WHAT YOU SHOULD DO: The data below should be transcribed in full, with no picture included.

RAW DATA:

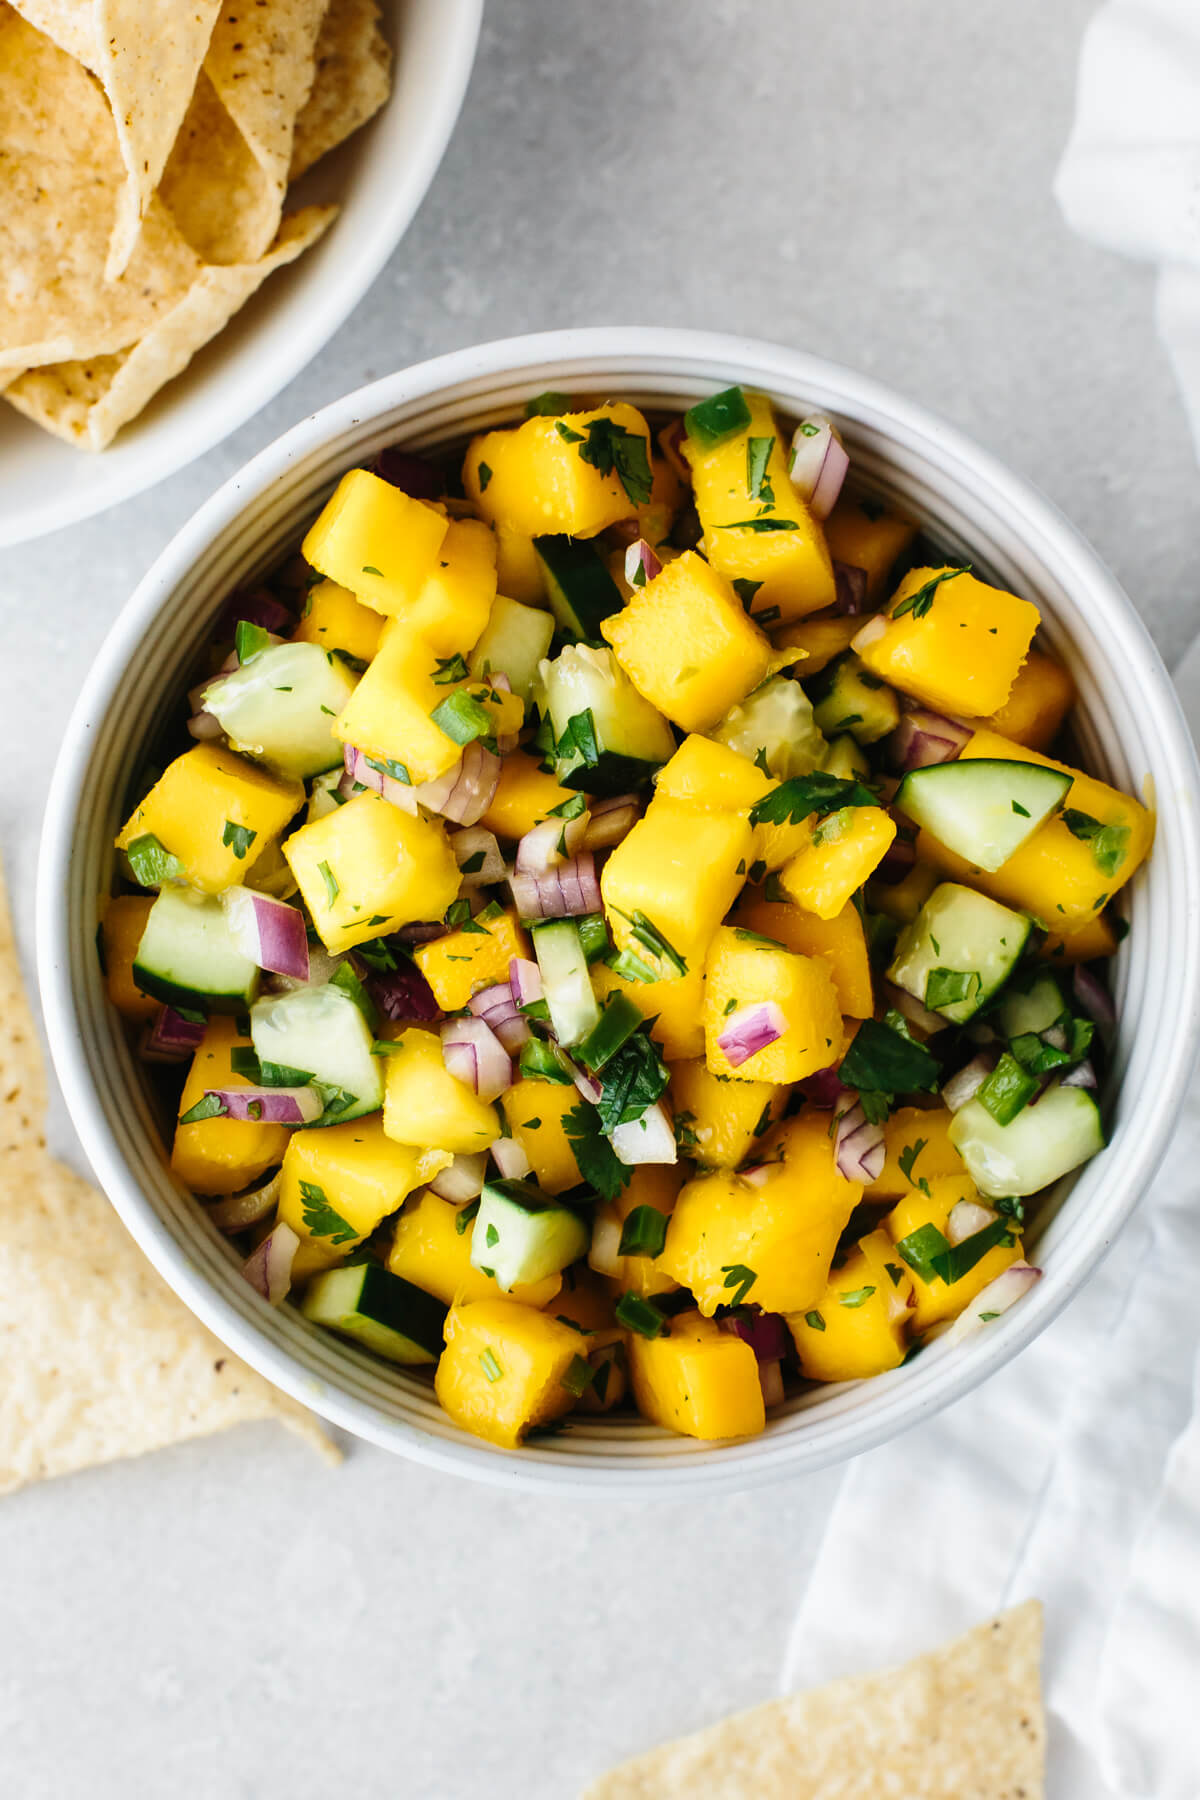 Mango salsa in a bowl next to chips.
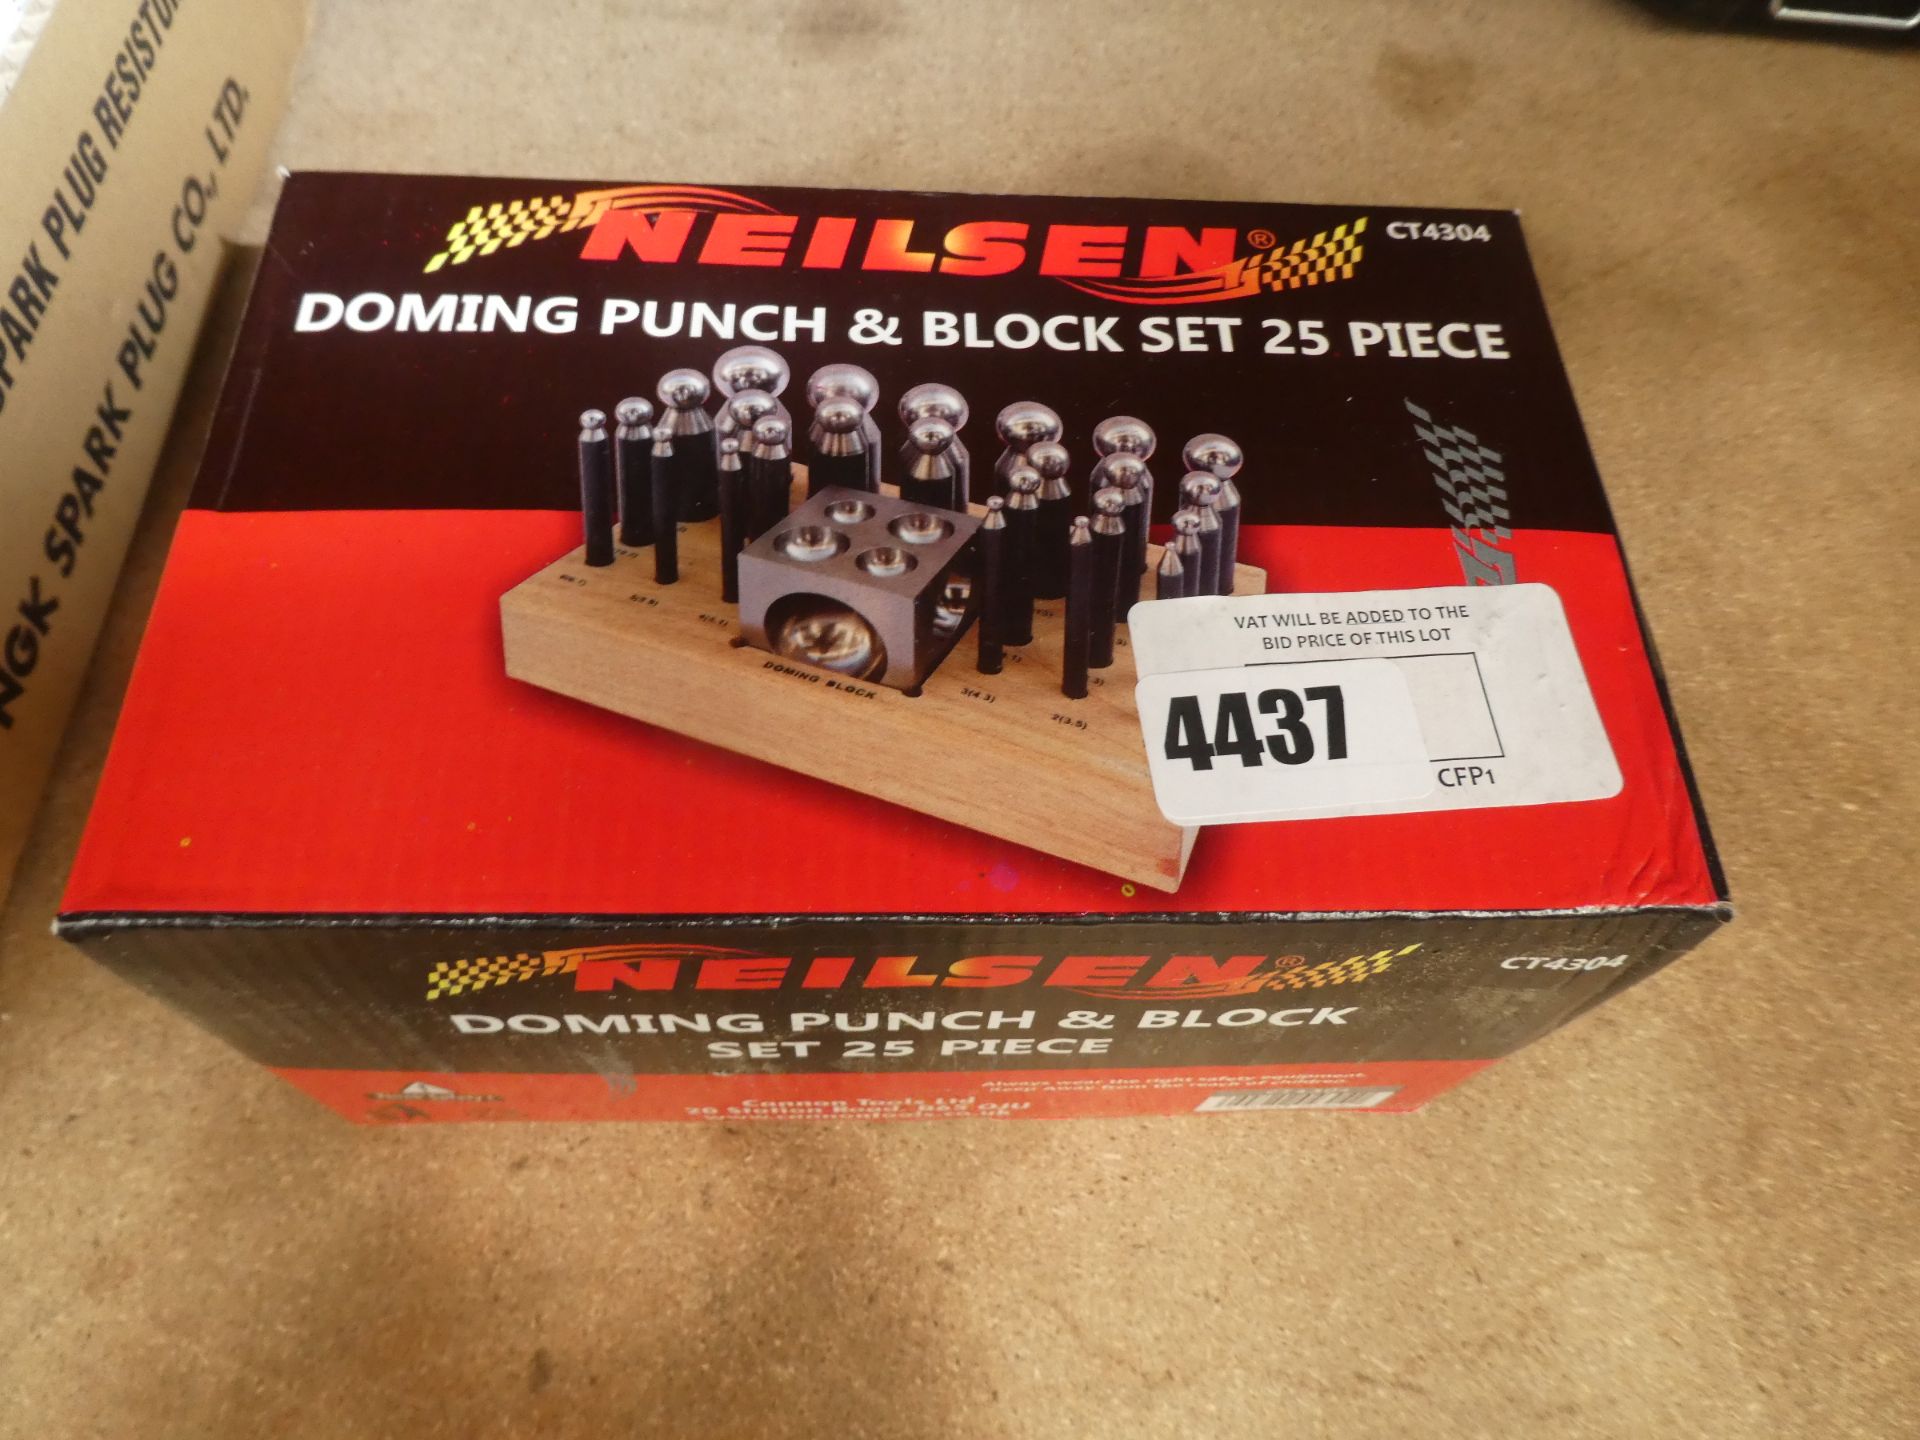 Neilsen doming punch and block set
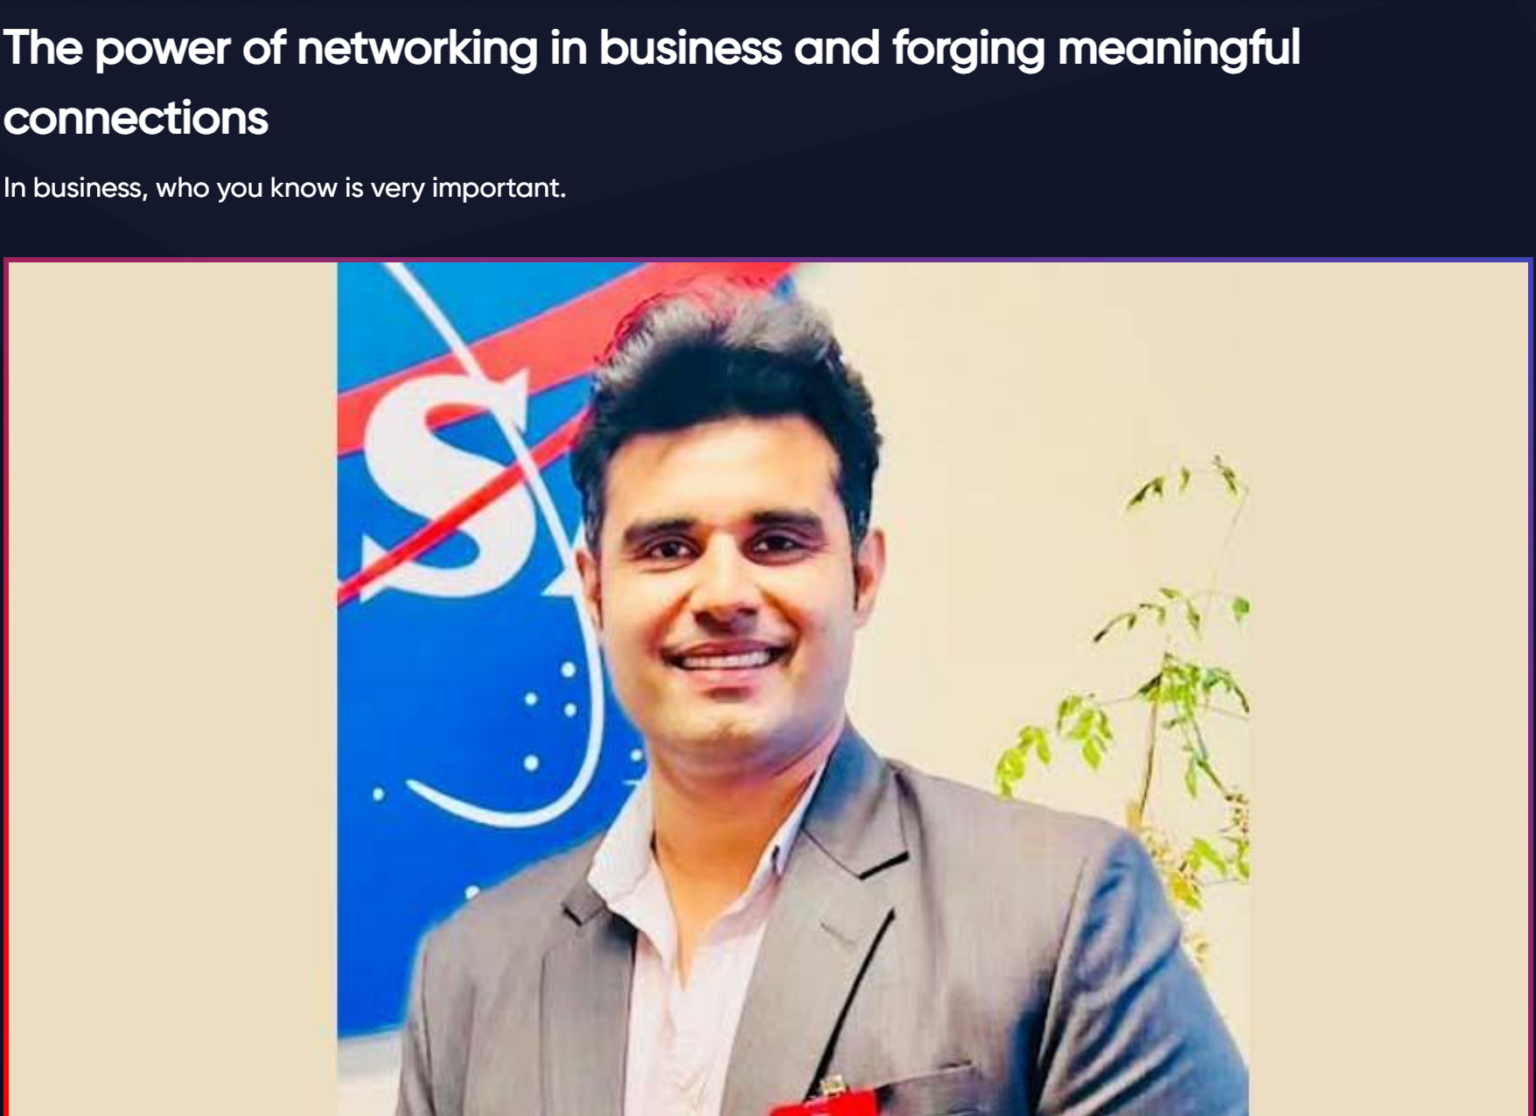 The power of networking in business and forging meaningful connections

SOLUTION TO THE EXERCISE:
 Mango salsa in a bowl next to chips.
 Neilsen doming punch and block set
 The power of networking in business and forging meaningful connections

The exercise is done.